Posted Monday, September 25, 2017
— News

Thousand Acre Brook, which meanders through Athol and Phillipston to reach the Millers River, has long been a conservation focus.  Wildlife studies have logged hundreds of species in its watershed, including 108 different birds, and Mount Grace has been helping local families protect land there for years.  Our newest partners are Cindy Coppolino and her brother Kevin Schlicke, who have added 58 acres of family land to Phillipston’s Town Forest.

Their project honors the memory of their parents, Robert and Lenore Schlicke, who started a chicken farm on the land in the 1950s.  Although their commercial farm didn’t last, the couple kept a small dairy herd on the farm for 15 years while they raised five children on the land.  “It really was great to grow up there,” remembers Cindy. “You don’t realize how lucky you are having so much room, and fresh vegetables, and great places to sled and to play.”

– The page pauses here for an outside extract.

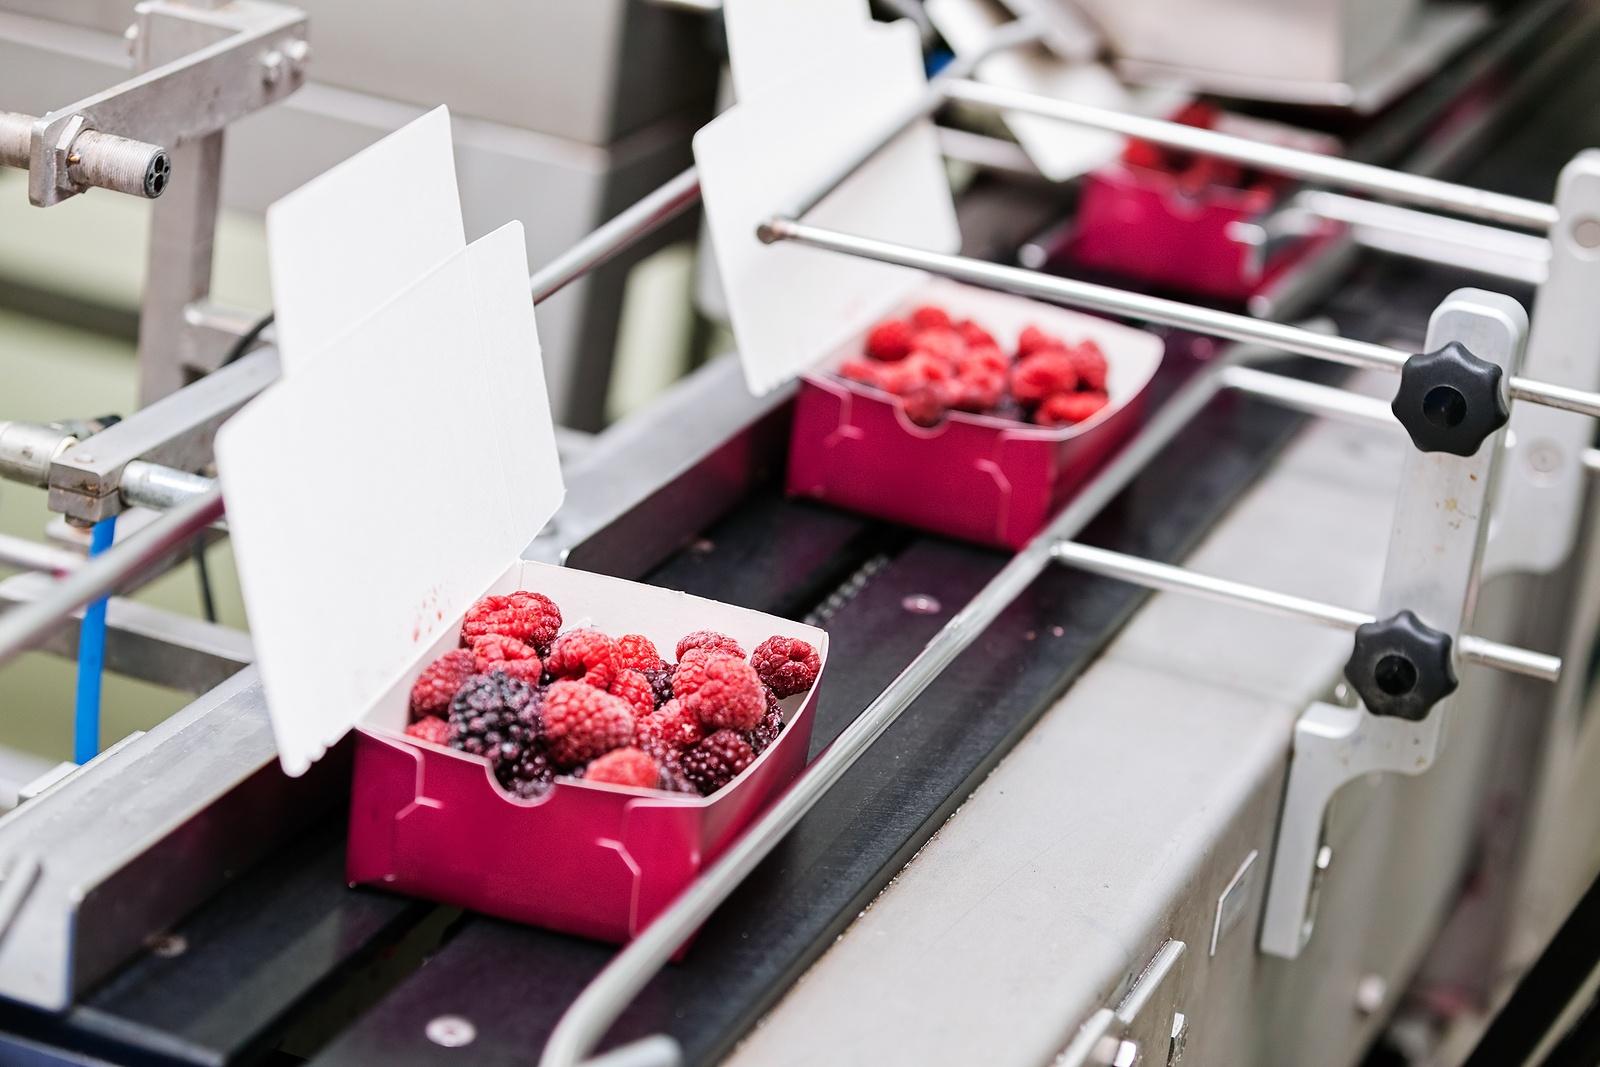 bigstock-Frozen-Raspberry-Processing-Bu-78878078
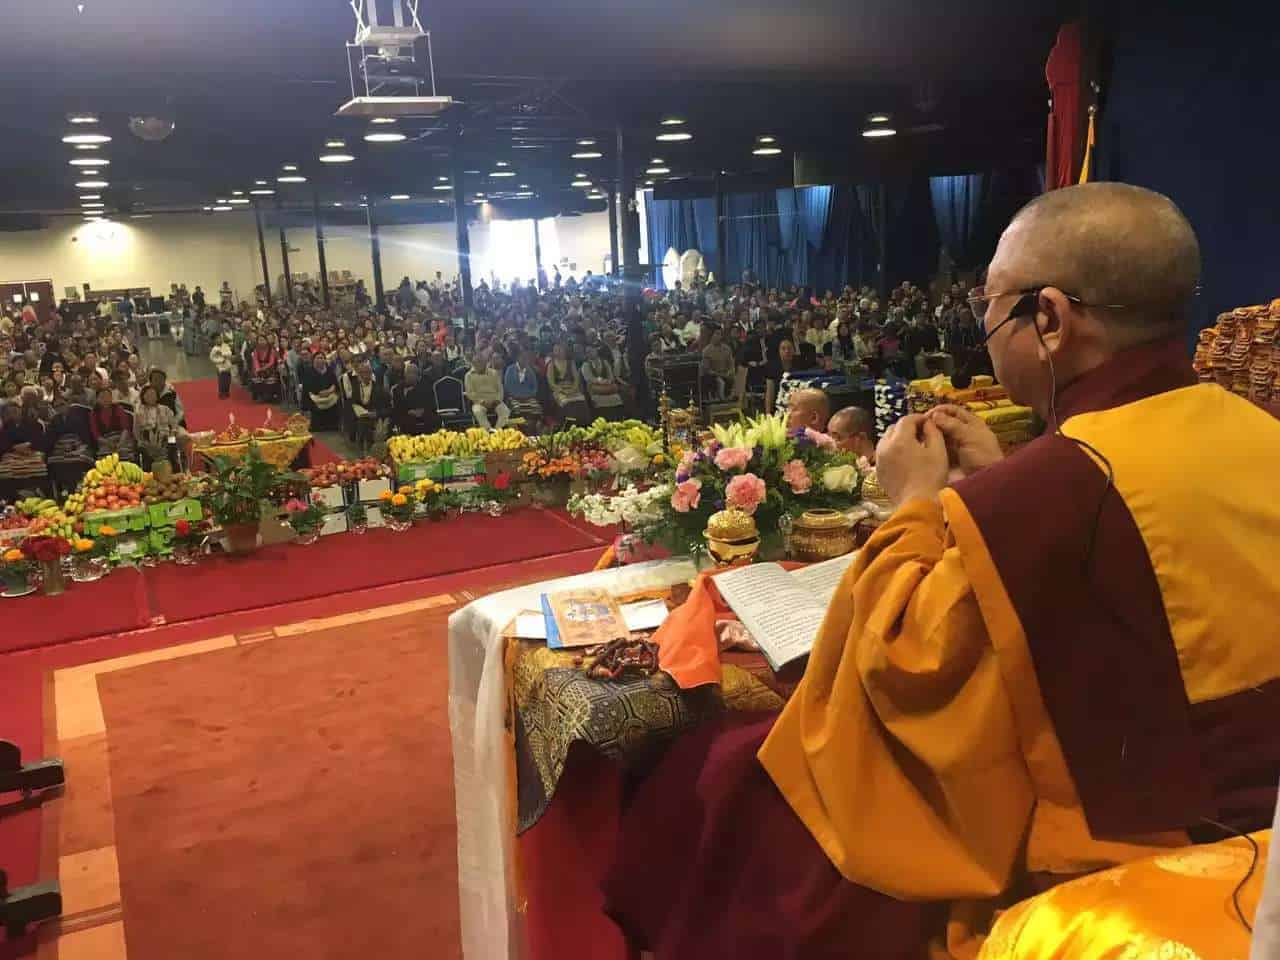 gosok-rinpoche-toronto-2016-9ea1544c640fbdbe38889f607e64854

The Town Forest, which includes land protected in 2012 when Reggie and Mel Haughton worked with Mount Grace to transfer their land to the Town, has now almost doubled in size. The land, which includes woods, wetlands in Thousand Acre Swamp, and part of the brook, was protected thanks to a unanimous vote at the 2016 Town Meeting—where Phillipston voted to use its Community Preservation Act funds for the project in anticipation of receiving a partial reimbursement from the Massachusetts LAND grant program.

Cindy, who grew up with the Haughton family, credits strong neighborhood ties and a sense of community with making that possible.  “Protecting the land was dad’s dream for a long time,” she says, “and I think one of the reasons the Town was unanimous is people remembered him and wanted to vote for his wishes.”

Cindy Coppolino and her brother Kevin Schlicke helped their father's dream come true by protecting the family's land as the newest addition to the Phillipston Town Forest.